[Boatanchors] keying
Glen Zook
gzook at yahoo.com
Sun Mar 17 16:27:55 EDT 2013
Well over 5-decades ago, like in late 1959, when I upgraded from Novice Class to General Class, I had a Globe Chief 90A transmitter with a WRL-755 VFO and used a TR-switch with a 6AH6 instead of an antenna change over relay. Since I wanted to operate full break in on CW I came up with a solution that involved a relay. The relay had a low voltage coil and 2-sets of normally open contacts. One set of contacts was bent so that they made contact before the other set and remained closed longer. The contacts that closed first, and released last, were used to key the VFO and the other set keyed the transmitter. The low voltage for the relay coil was then operated by my then Vibroplex Champion. This arrangement was definitely not quiet! However, this system did produce a chirp free signal. Since my station was in the basement, the additional noise did not bother anyone!
It would be possible to accomplish this today with reed relays or even make it solid state using transistors to do the keying.
Glen, K9STH
Website: http://k9sth.com
________________________________
From: Rob Atkinson <ranchorobbo at gmail.com>
To: Charles Ring <w3nu at roadrunner.com>
Cc: Boatanchors Mail List <boatanchors at mailman.qth.net>; johnson at mailman.qth.net
Sent: Sunday, March 17, 2013 2:28 PM
Subject: Re: [Boatanchors] keying
You have to let the VFO free run while you transmit. Don't key it;
key the transmitter. The manual for the HA-1 TO Keyer has
instructions and charts for constructing a simple RC combination on
the rear panel octal jack (you wire the cap and resistor to the octal
plug that connects the line between the keyer and the rig) so the
keyer will handle the particular keying v. and current you have. The
purpose is to simply prevent long term damage to the P&B wetted relay
contacts.
You'll have to experiment with small pie chokes, resistors, and
capacitors in series with and across the hot to ground keying line to
see what is effective at reducing the spark both on make and break.

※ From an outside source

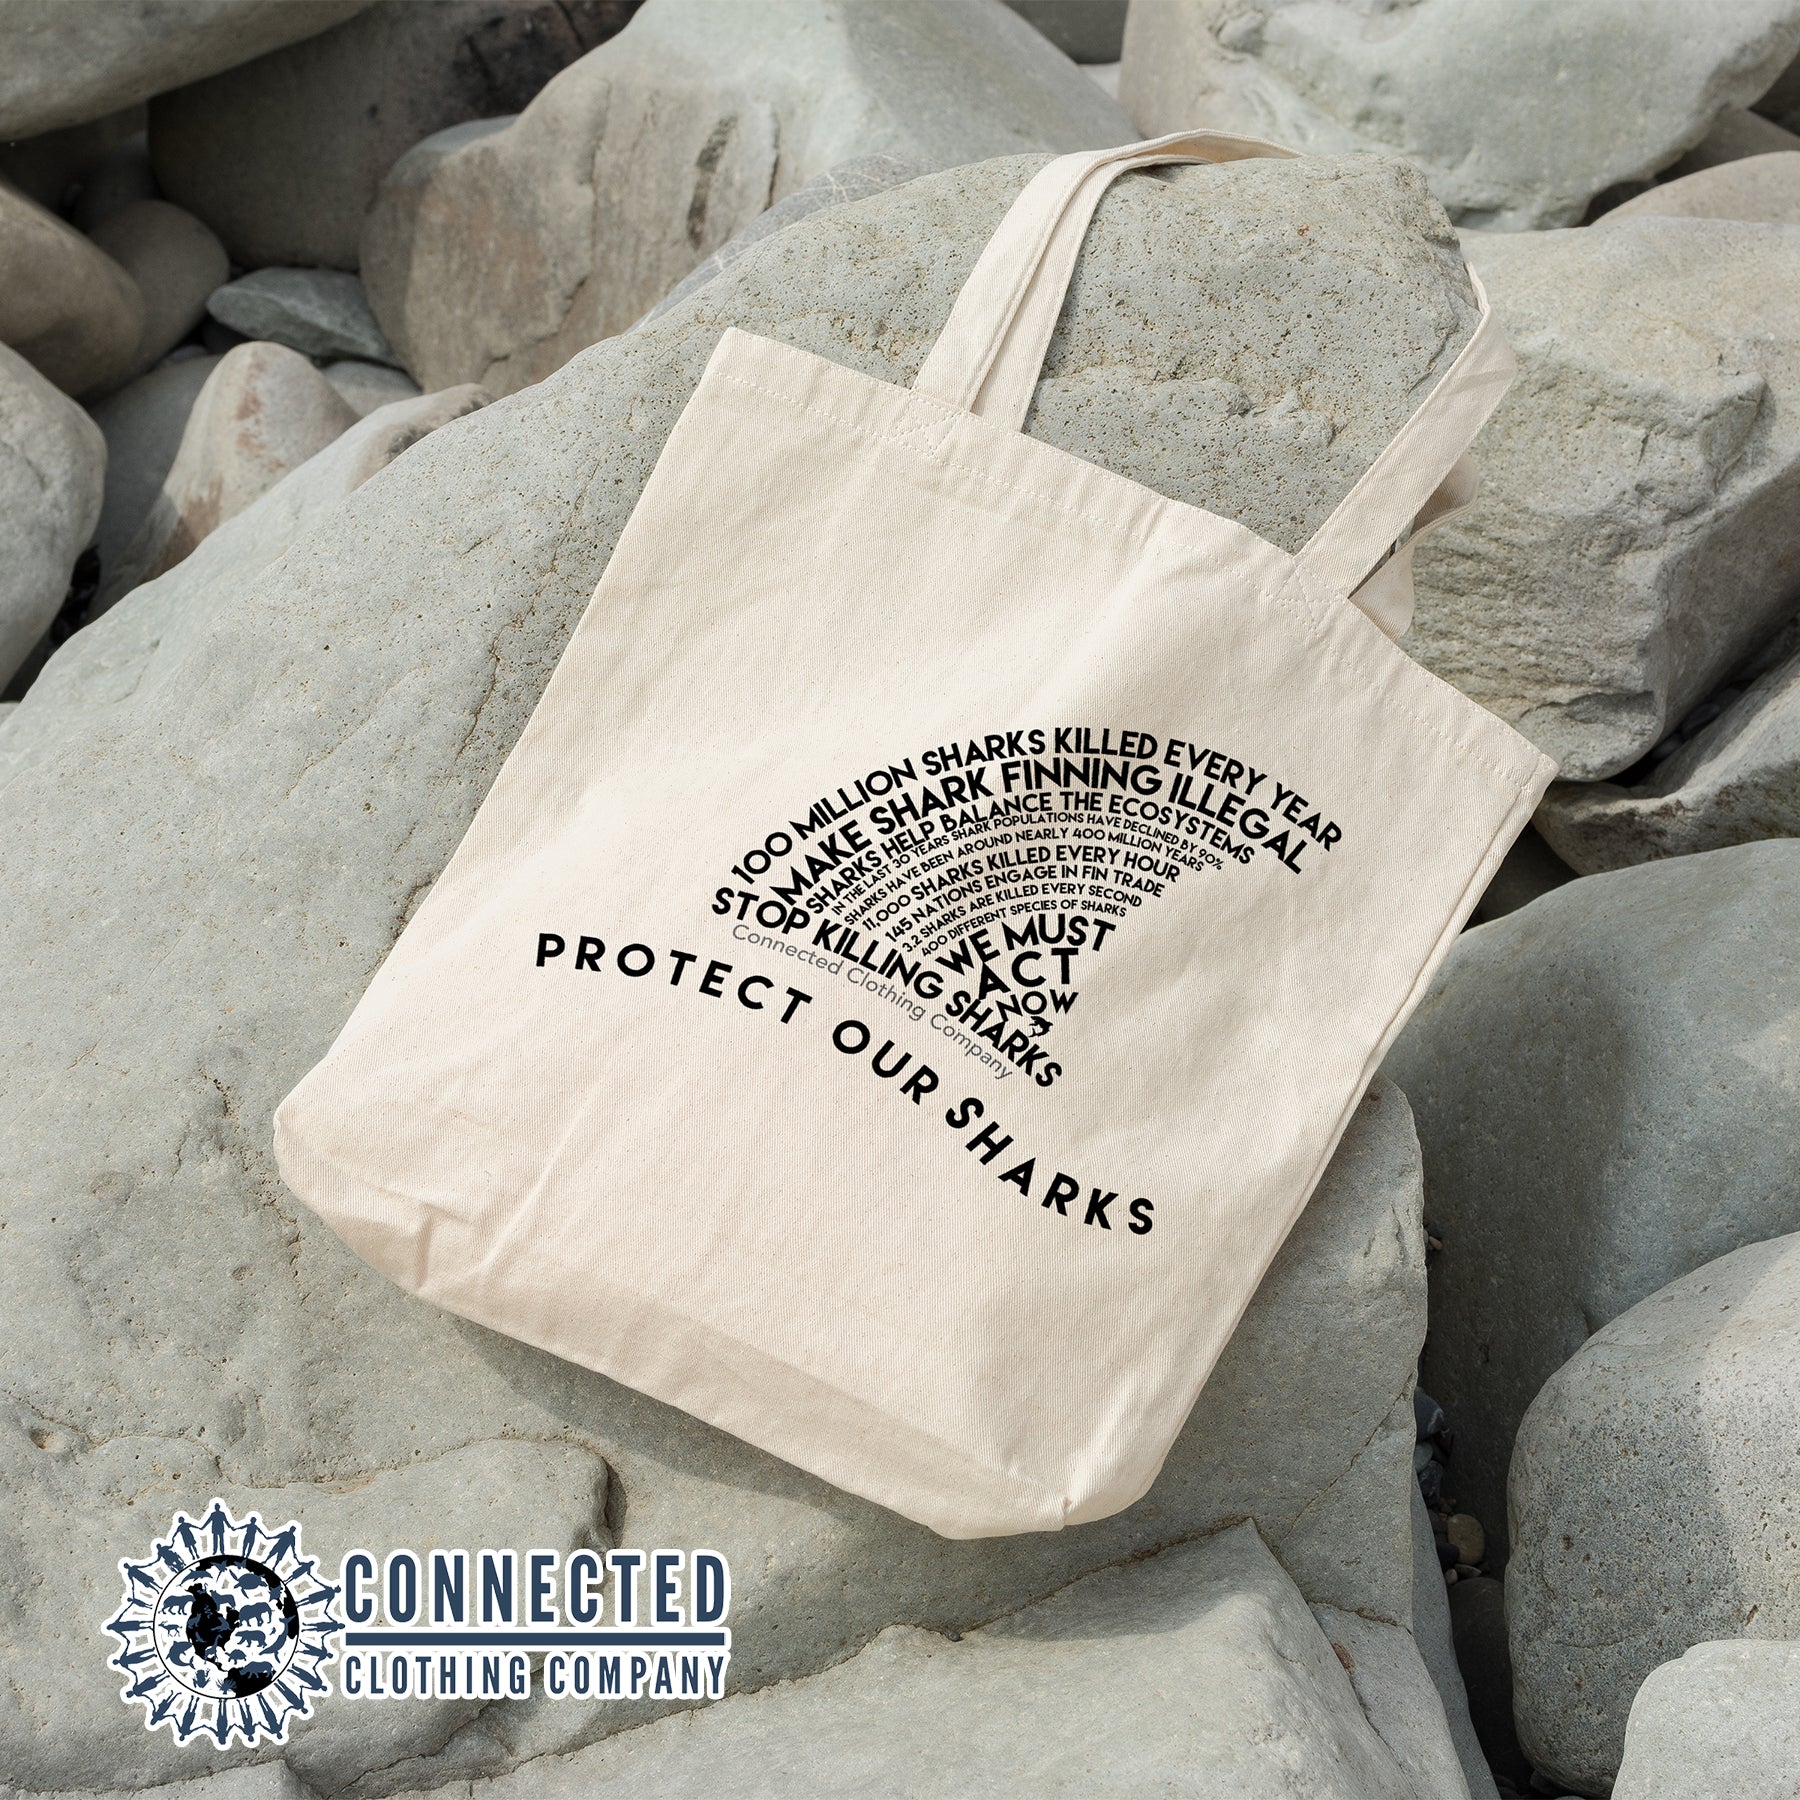 Protect Our Sharks Tote Bag - Connected Clothing Company - 10% of proceeds donated to Oceana shark conservation

It is helpful to see the keying envelope on a scope and have a friend
a mile or two away tune around listening for clicks. There are two
kinds of clicks--those that are only in the shack from the key
contacts and the ones that travel a long distance due to a vertical
rise and cutoff of the keying envelope. I put a 4 mfd 600 v. oil cap
between the cathode and ground on the 807 to give a nice keying
envelope shape because I got complaints of key clicks. I
experimented with various values looking at the keying envelope on a
scope and found that 4 or 5 uF did the job. If I recall correctly, I
also put a 2 watt 10 or 20 ohm resistor in series with the hot contact
on the key.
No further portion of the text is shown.